:: The data ::
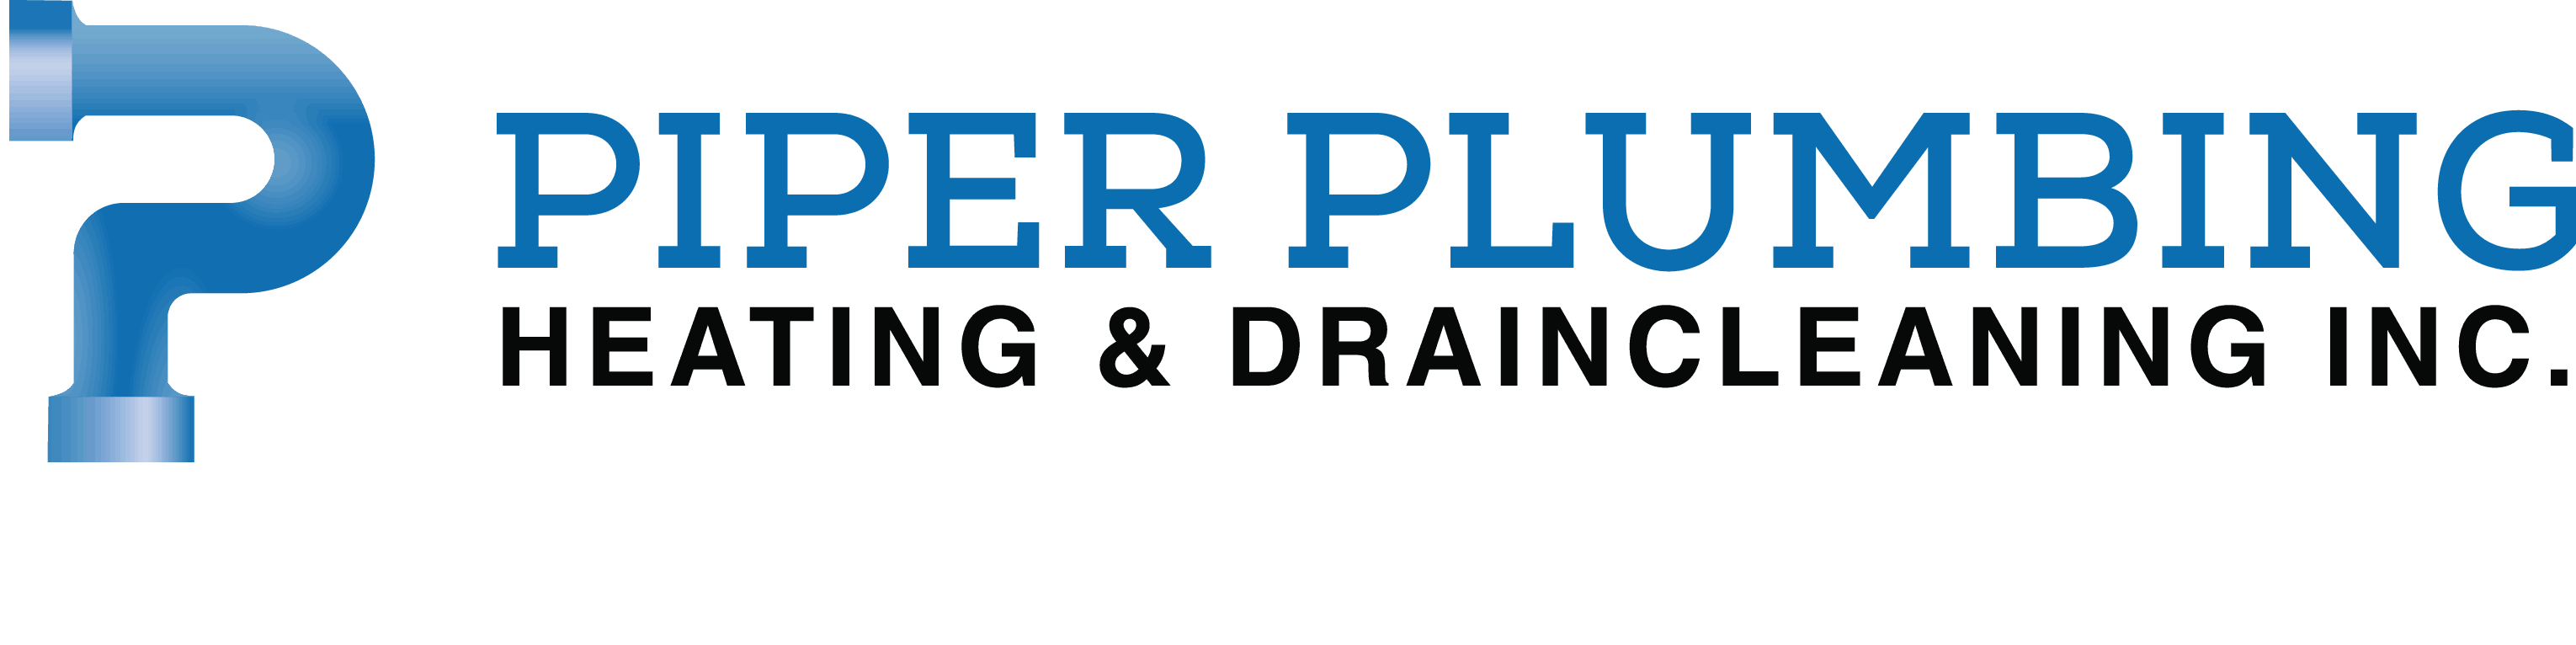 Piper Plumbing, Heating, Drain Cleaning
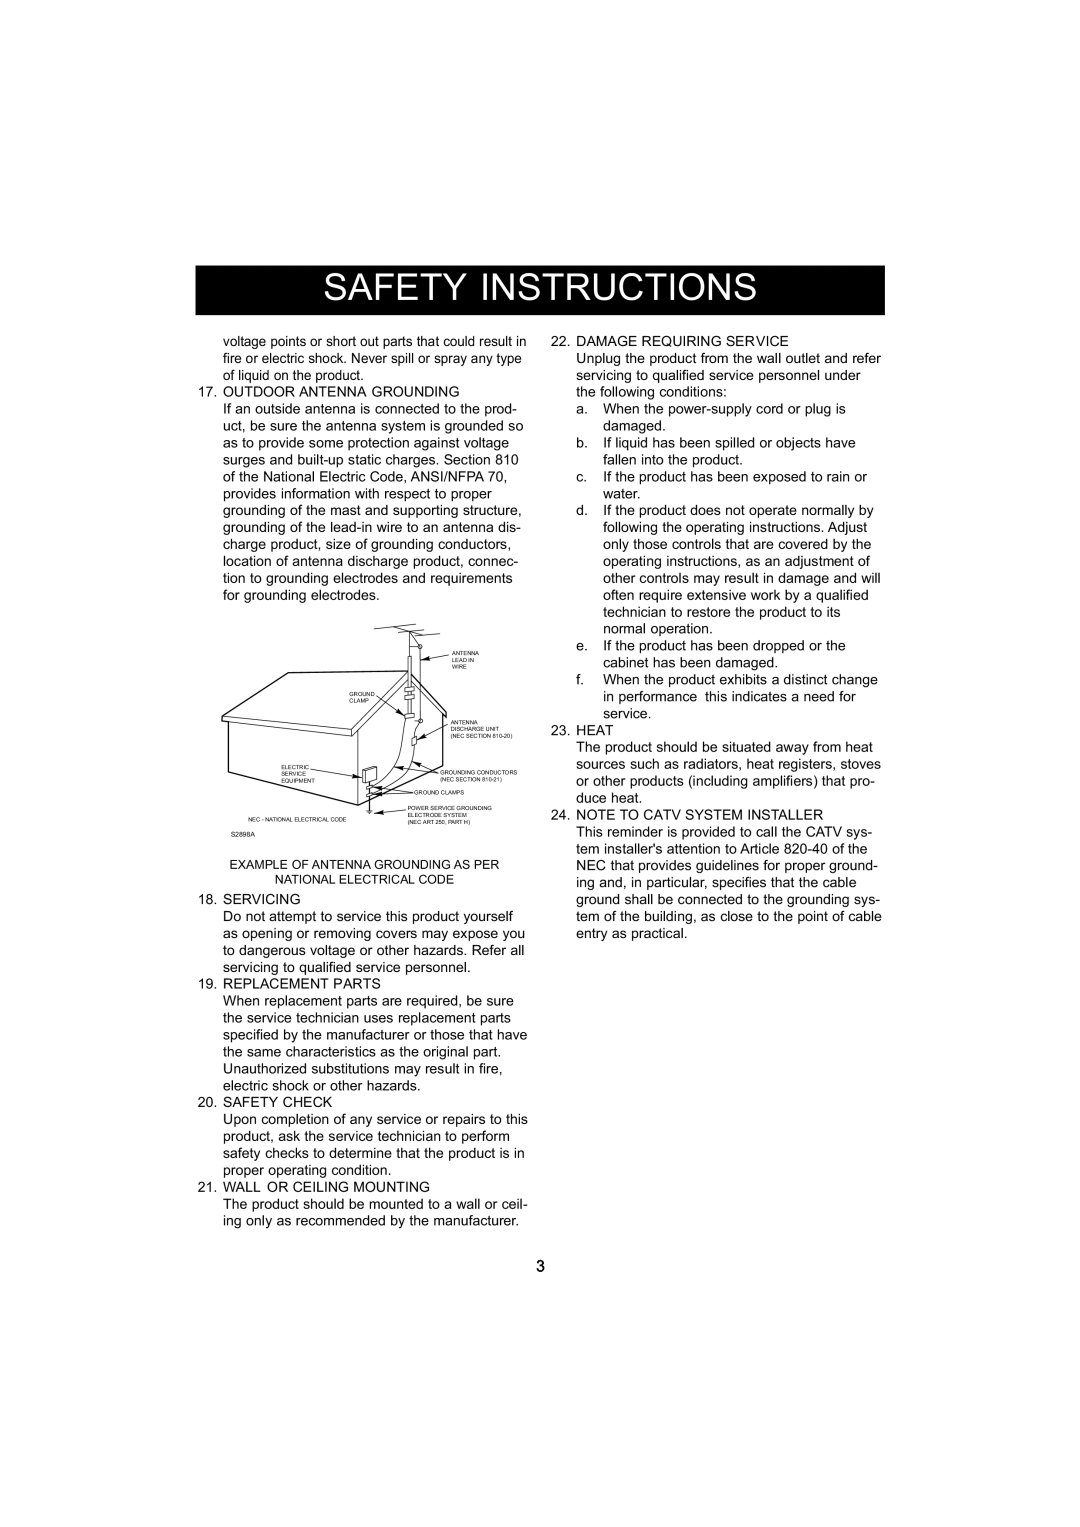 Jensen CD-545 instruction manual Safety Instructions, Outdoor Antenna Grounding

==

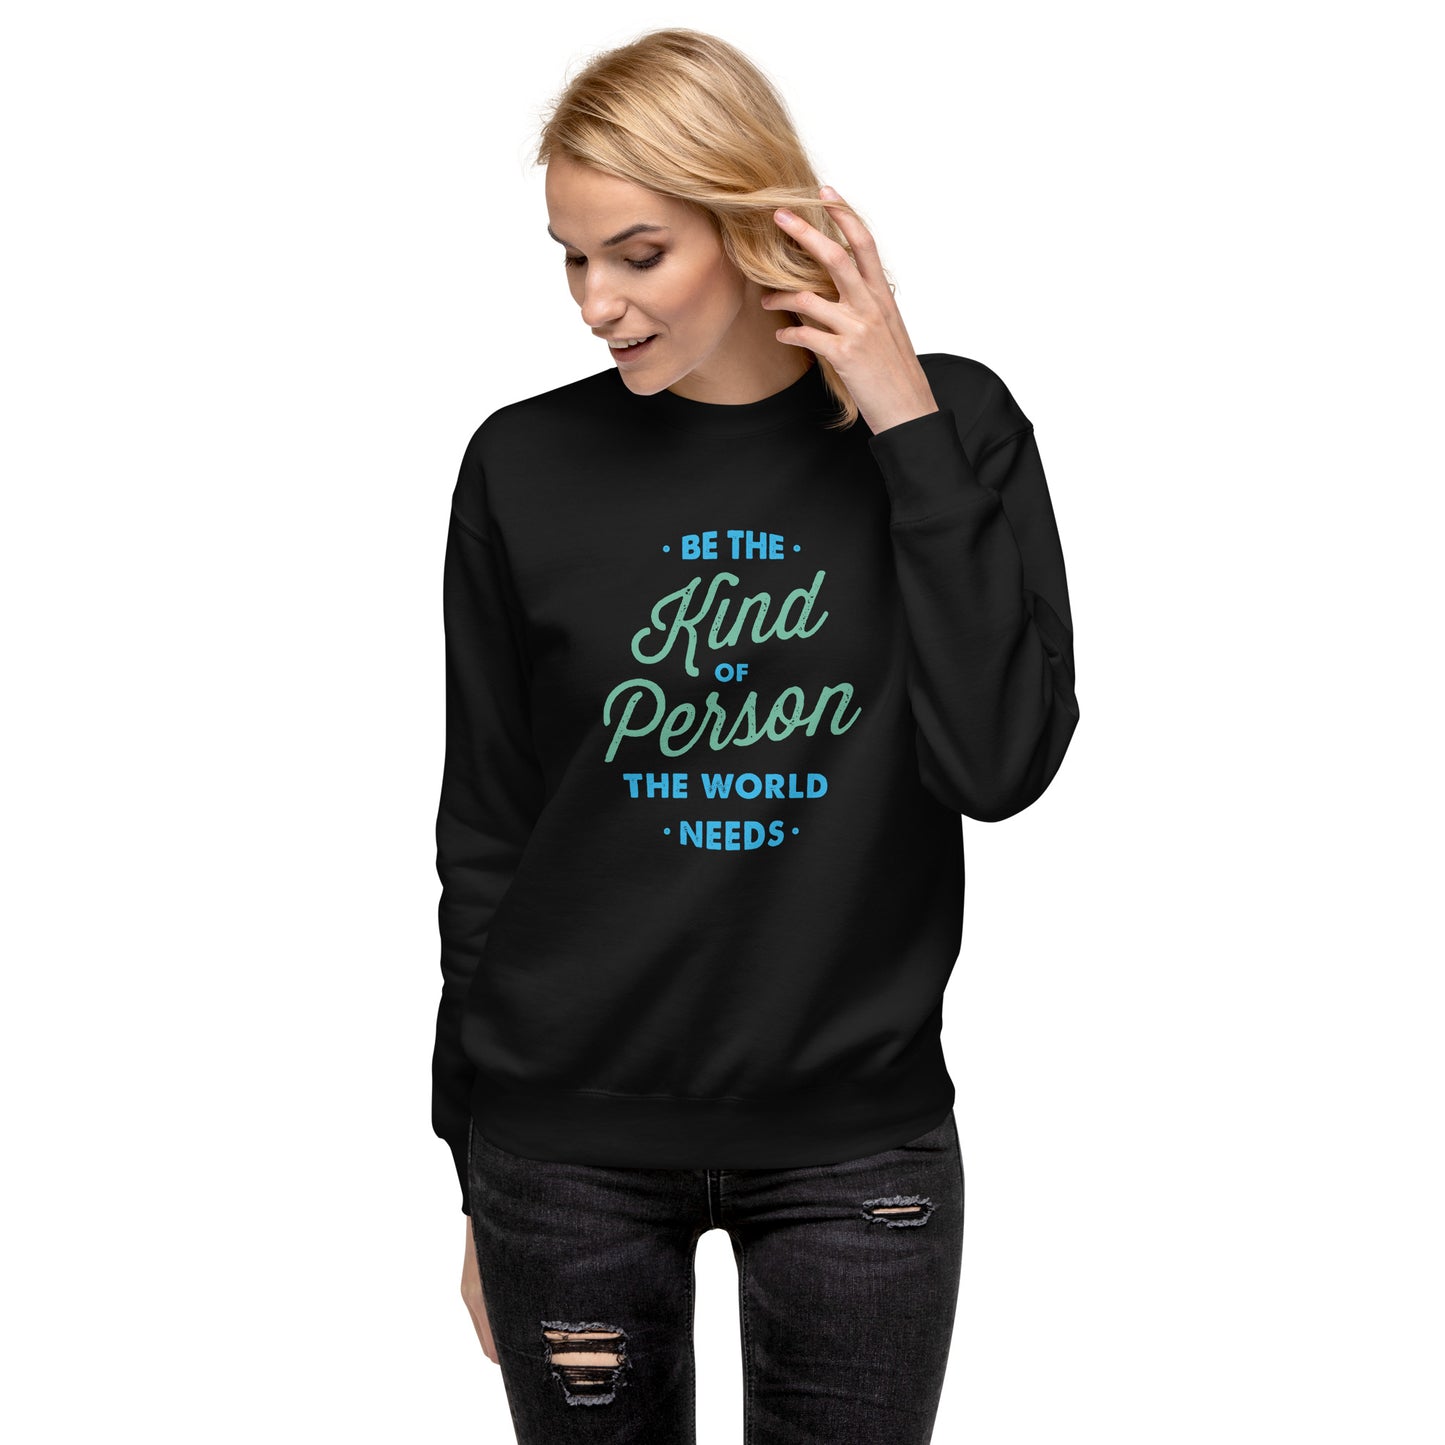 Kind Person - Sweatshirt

:: Directions for this task ::
Within the listing above, write out the stretch from the line with "Piper Plumbing, Heating, Drain Cleaning" through the line with "Jensen CD-545 instruction" exactly. Any pictures are to be left out.

:: Written response ::
 Piper Plumbing, Heating, Drain Cleaning
 Jensen CD-545 instruction manual Safety Instructions, Outdoor Antenna Grounding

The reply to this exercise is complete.